The earliest evidence for possible horse domestication in the Pontic-Caspian steppes appeared after 4800 BCE, long after sheep, goats, pigs, and cattle were domesticated in other parts of the world. What was the incentive to tame wild horses if people already had cattle and sheep? Was it for transportation? Almost certainly not. Horses were large, powerful, aggressive animals, more inclined to flee or fight than to carry a human. Riding probably developed only after horses were already familiar as domesticated animals that could be controlled. The initial incentive probably was the desire for a cheap source of winter meat.

Horses are easier to feed through the winter than cattle or sheep, as cattle and sheep push snow aside with their noses and horses use their hard hooves. Sheep can graze on winter grass through soft snow, but if the snow becomes crusted with ice than their noses will get raw and bloody, and they will stand and starve in a field where there is ample winter forage just beneath their feet. Cattle do not forage through even soft snow if they cannot see the grass, so a snow deep enough to hide the winter grass will kill range cattle if they are not given fodder. Neither cattle nor sheep will break the ice on frozen water to drink.

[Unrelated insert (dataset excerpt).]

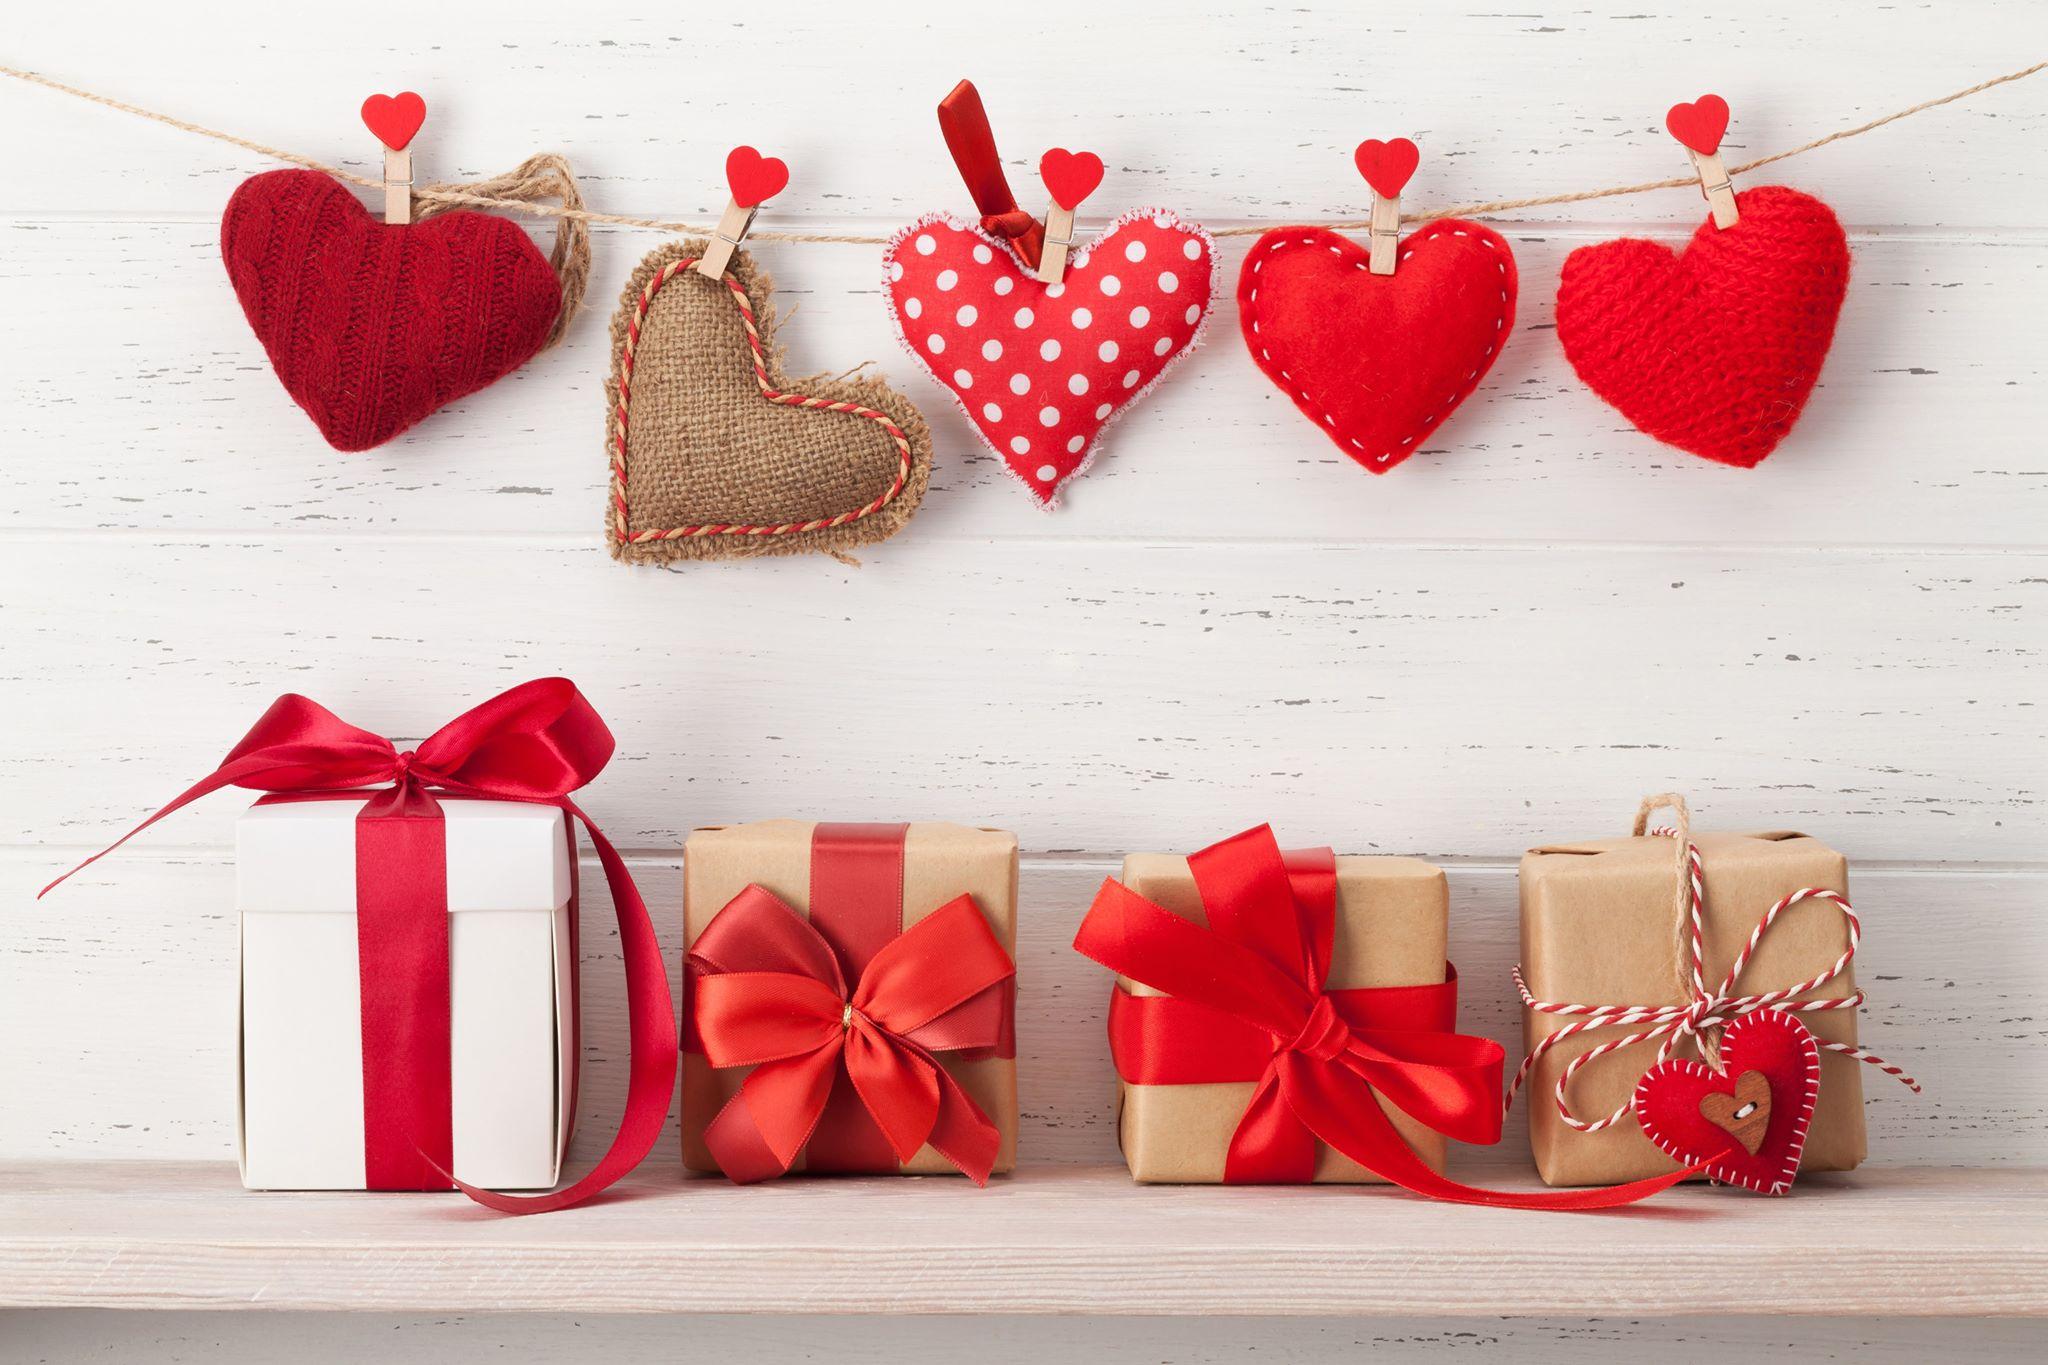 Valentines day images 18 صور عيد الحب

Horses have the instinct to break through ice and crusted snow with their hooves, not their noses, even in deep snows where the grass cannot be seen. They paw frozen snow away and feed themselves and so do not need water or fodder. In 1245 the Franciscan John of Plano Carpini journeyed to Mongolia to meet Güyük Khan (the successor to Genghis) and observed the steppe horses of the Tartars, as he called them, digging for grass from under the snow, “since the Tartars have neither straw nor hay nor fodder.” During the historic blizzard of 1886 in the North American Plains hundreds of thousands of cattle were lost on the open range. Those that survived followed herds of mustangs and grazed in the areas they opened up.7 Horses are supremely well adapted to the cold grasslands where they evolved. People who lived in cold grasslands with domesticated cattle and sheep would soon have seen the advantage in keeping horses for meat, just because the horses did not need fodder or water. A shift to colder climatic conditions or even a particularly cold series of winters could have made cattle herders think seriously about domesticating horses. Just such a shift to colder winters occurred between about 4200 and 3800 BCE (see chapter 11).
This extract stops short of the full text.